The rworker
package establishes the interface for running asynchronous tasks sent by Celery. It works by listening for new task execution requests (TERs) comming from the message broker and giving it for the background worker processes to execute.
rworker
functionThis is the main function of the package. It basically creates a new instance of the Rworker
object, which is responsible for managing TERs comming from the message broker.
library(rworker)
url <- 'redis://localhost:6379'
rwork <- rworker(name='celery', queue=url, backend=url, workers=2)
The name
argument defines the name of the queue that we should listen for new TERs. By default, Celery queue name is ‘celery’. The queue
and the backend
arguments follow the provider://address:port
format and define the provider and the address of the message queue and the task results backend, respectivelly.
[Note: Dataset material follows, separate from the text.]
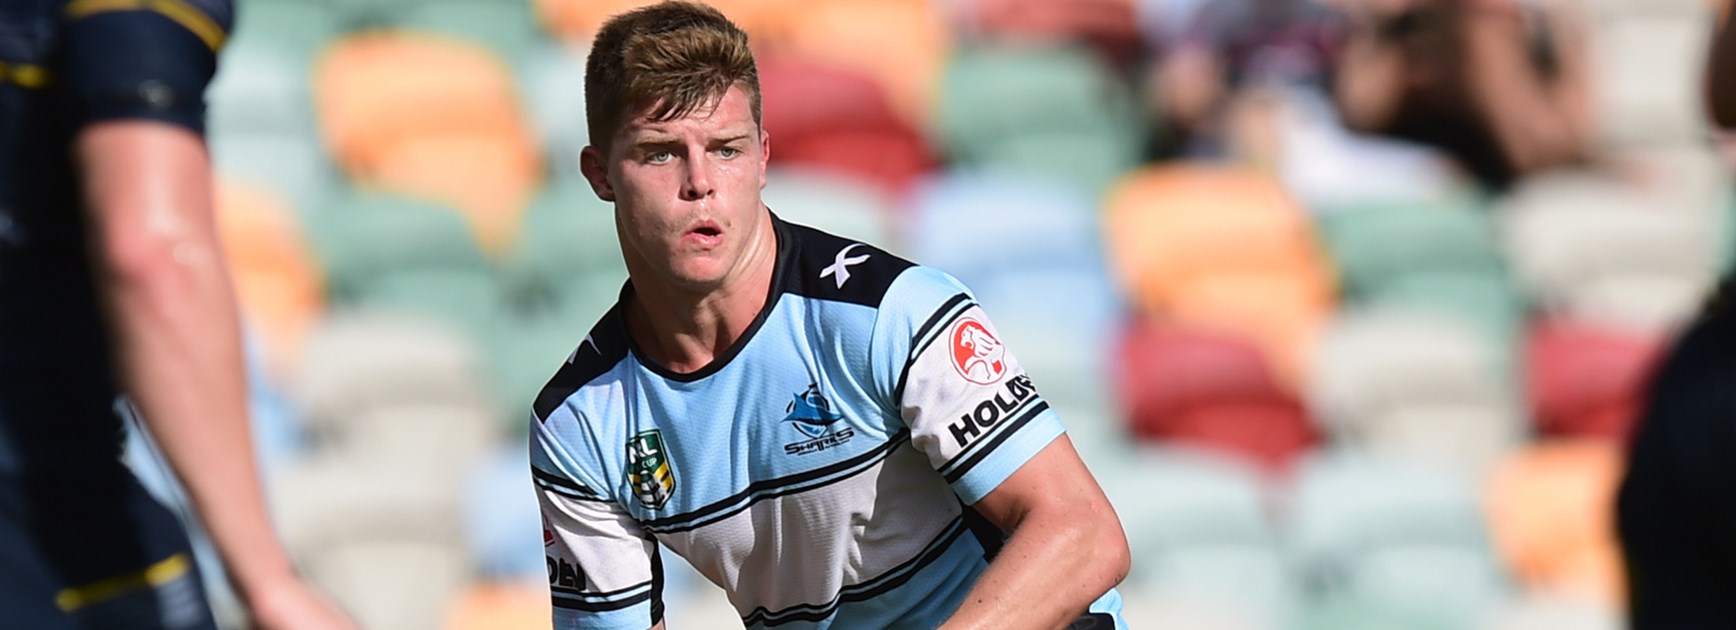 Sharks NYC dummy-half Jayden Brailey looks likely to move into the NRL side in the coming years.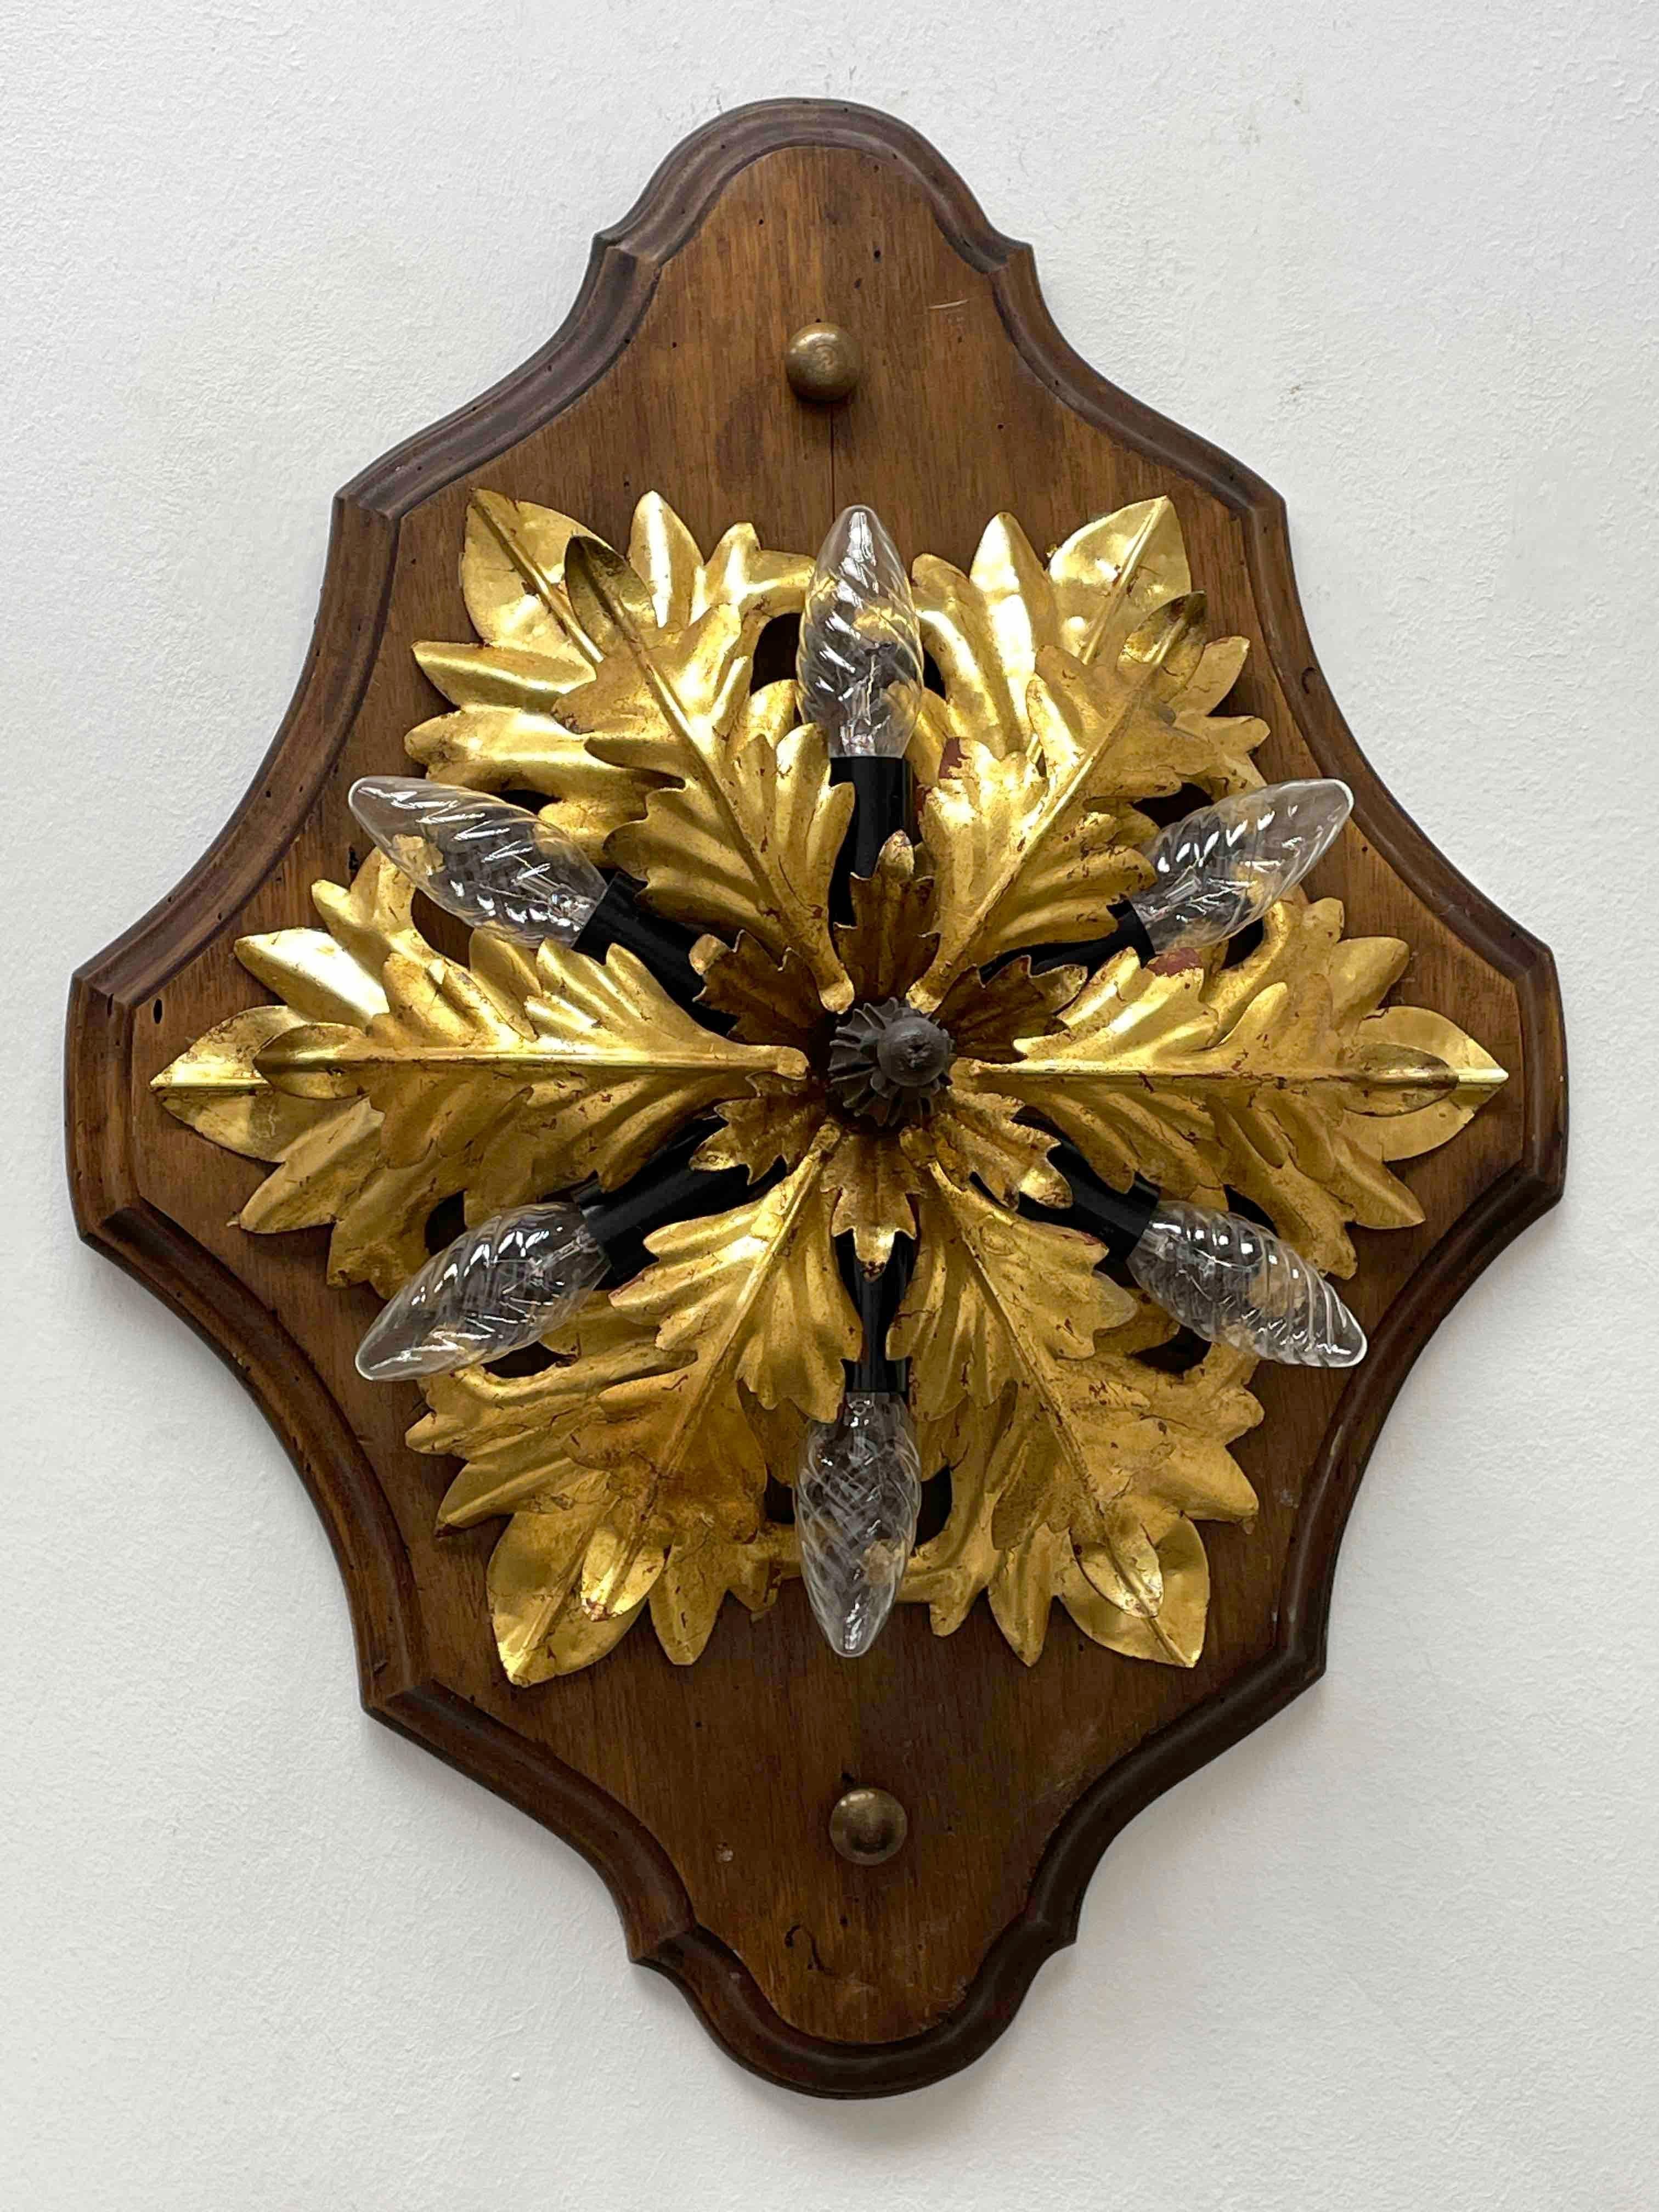 Add a touch of opulence to your home with this charming flush mount light. Perfect stunning gilt acanthus leaf design with a large wooden back, to enhance any chic or eclectic home. We'd love to see it hanging in an entryway as a charming welcome

The last argument workers
defines the number of background processes responsible for executing the incoming TERs.
Before start receiving TERs, your have to define your tasks. These tasks are simply the functions you want to execute remotelly.
All tasks that you may want to execute from Celery need to be registered in the Rworker
instance.
library(magrittr)
(function(){
# Simulating long running function
Sys.sleep(10)
}) %>% rwork$task(name='long_running_task')
(function(){
# Another dummy function
print('Hello world')
}) %>% rwork$task(name='hello_world')
The name
argument must be unique, since it’s used to identify the correct task to be executed.
Sometimes is nice to now in which point of execution your task currently is. You can do this using the task_progress
function.
(function(){
Sys.sleep(5)
task_progress(50) # 50% progress
Sys.sleep(5)
task_progress(100) # 100% progress
}) %>% rwork$task(name='task_with_progress')
On the Celery side, the progress information is stored inside the .result['progress']
attribute of the AsyncResult
object.
Now that the desired tasks were alredy registered, we just need to listen for new task execution requests
rwork$consume()
Now, every time you send new tasks from Python using Celery the rwork$consume()
method will receive it and execute in background.
Now let’s review the whole ideia. We have three players on the game: Celery (Python), rworker (R) and the message broker (Redis, in this case).
library(rworker)
library(magrittr)
url <- 'redis://localhost:6379'
rwork <- rworker(name='celery', queue=url, backend=url, workers=2)
(function(){
# Simulating long running function
Sys.sleep(10)
}) %>% rwork$task(name='long_running_task')
(function(){
# Another dummy function
print('Hello world')
}) %>% rwork$task(name='hello_world')
(function(){
Sys.sleep(5)
task_progress(50) # 50% progress
Sys.sleep(5)
task_progress(100) # 100% progress
}) %>% rwork$task(name='task_with_progress')
rwork$consume()
from celery import Celery
url = 'redis://localhost:6379/0'
worker = Celery('app', broker=url, backend=url)
async_result = worker.send_task('task_with_progress')
# Check task progress
async_result.info['progress']
# Check task state
async_result.state